**Exercise instructions**
Transcribe exactly the lines from the one containing "Les Eaux Semblantes" through the end of the data, both included. Leave out pictures.

**Raw data**
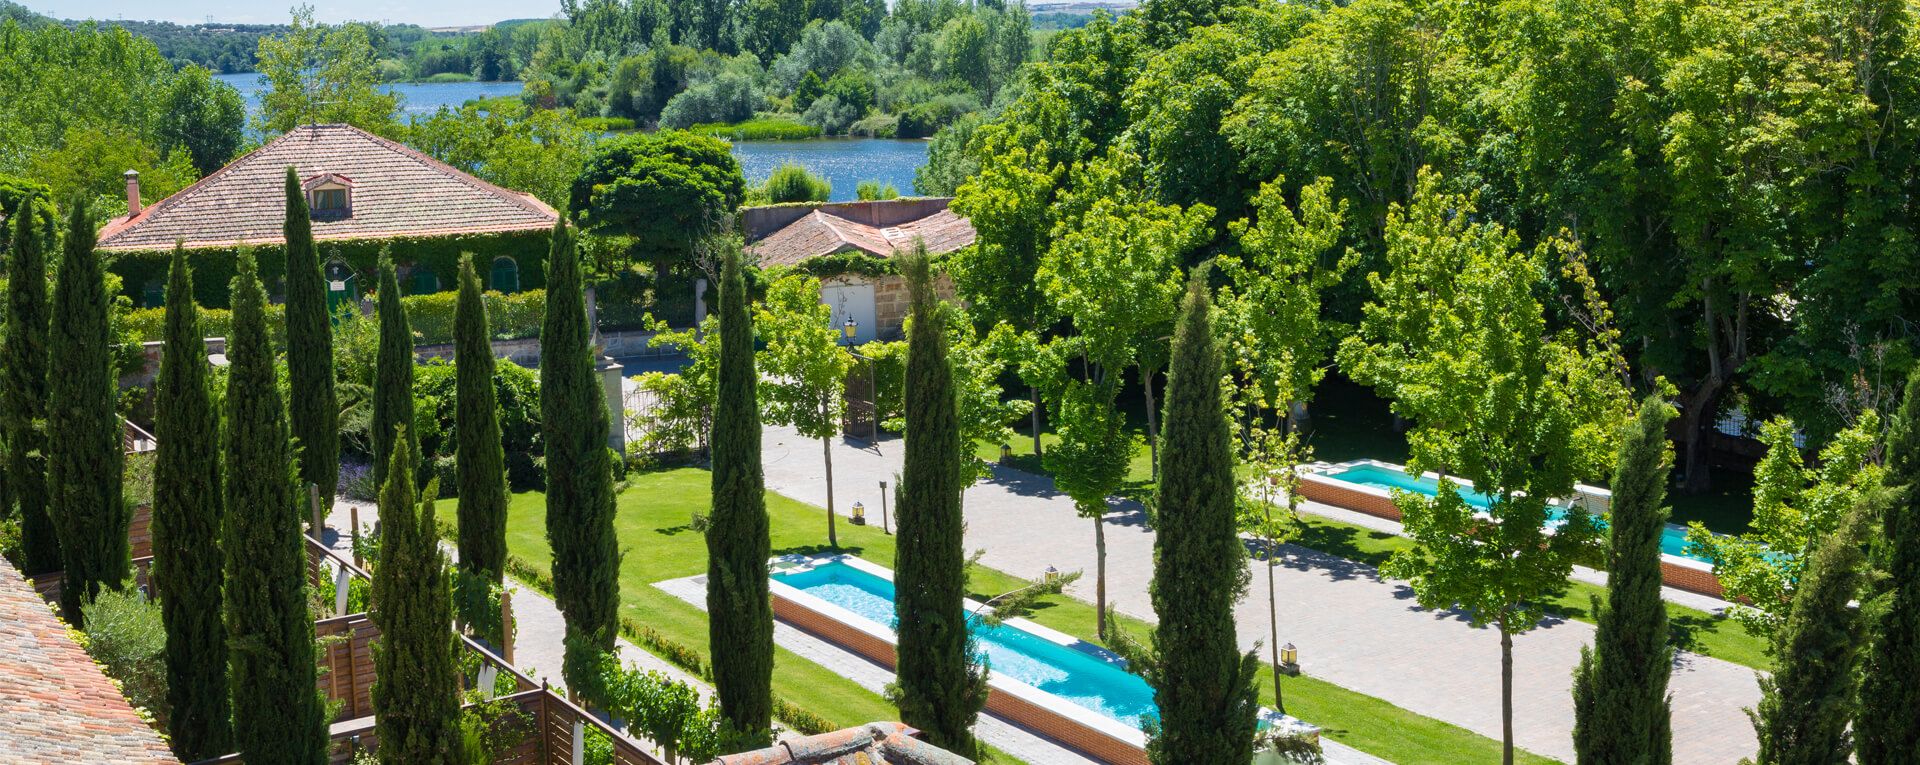 Hacienda Zorita Wine Hotel & Spa, Spain 
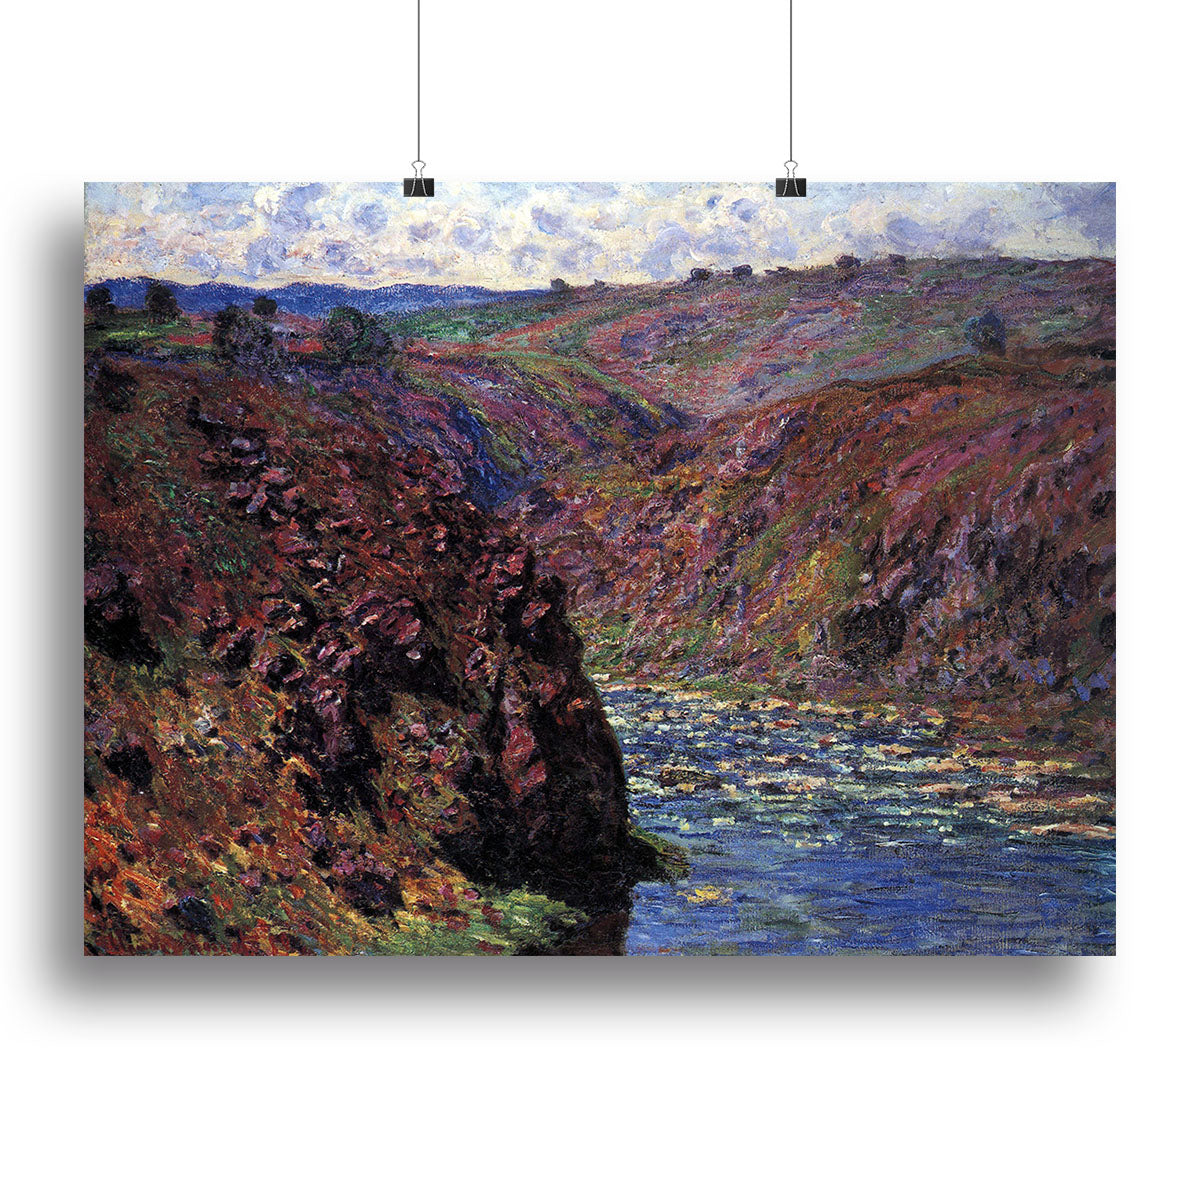 Les Eaux Semblantes in the sunlight by Monet Canvas Print or Poster - Canvas Art Rocks - 2
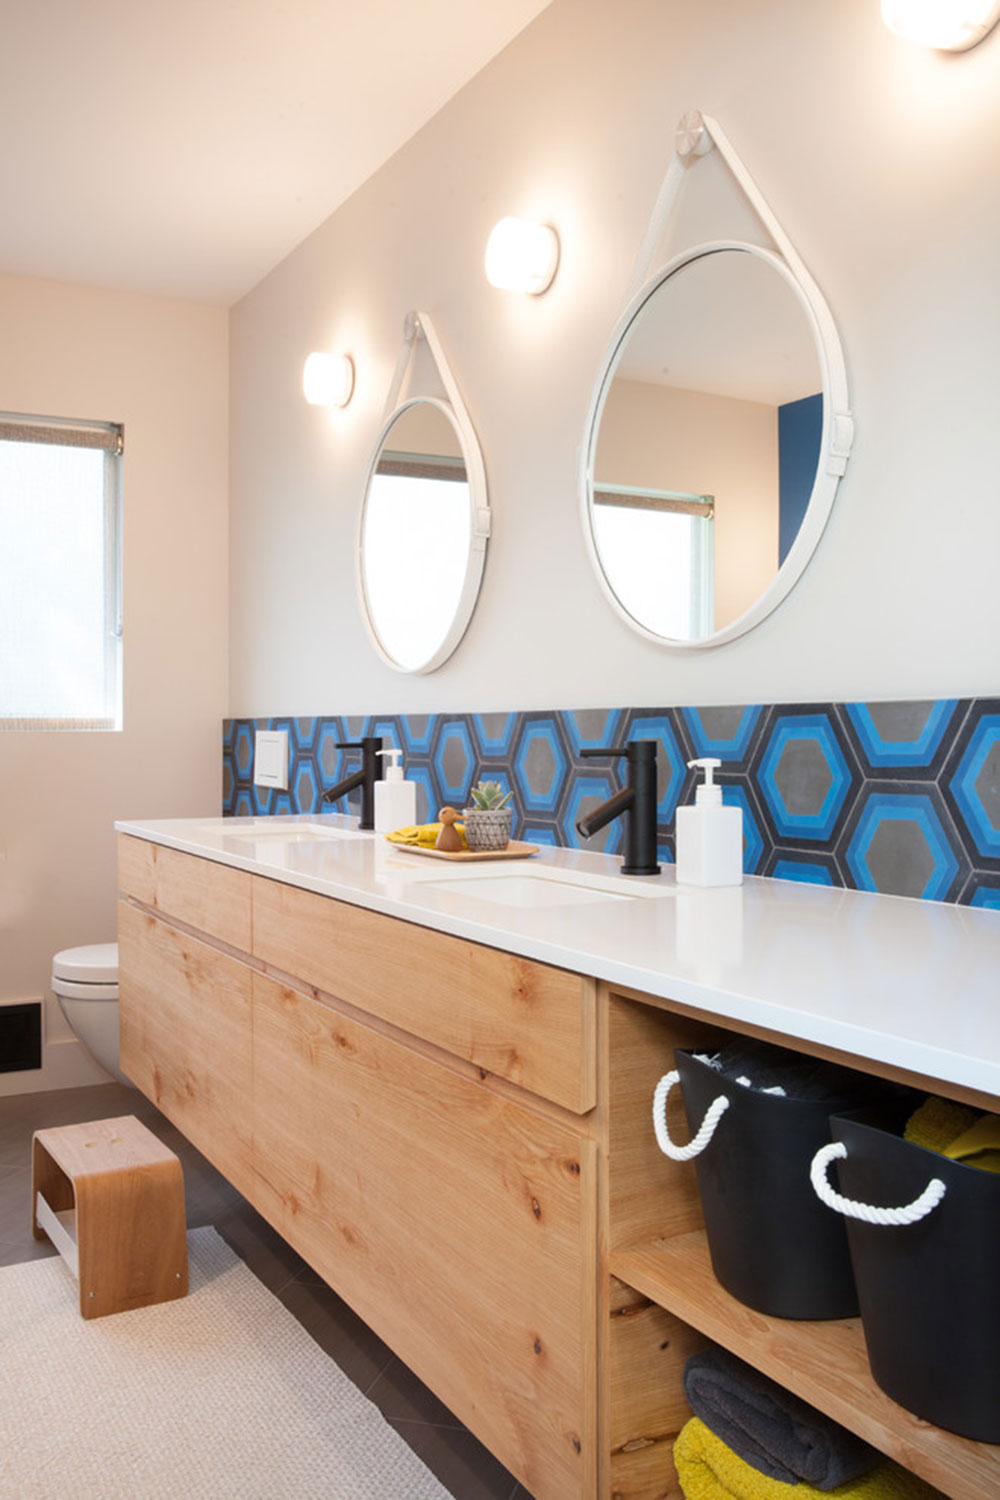 Palo-Alto-by-Kim-Betzina-Interiors Small bathroom remodel tips to do it properly

**Finished exercise**
 Les Eaux Semblantes in the sunlight by Monet Canvas Print or Poster - Canvas Art Rocks - 2
 Palo-Alto-by-Kim-Betzina-Interiors Small bathroom remodel tips to do it properly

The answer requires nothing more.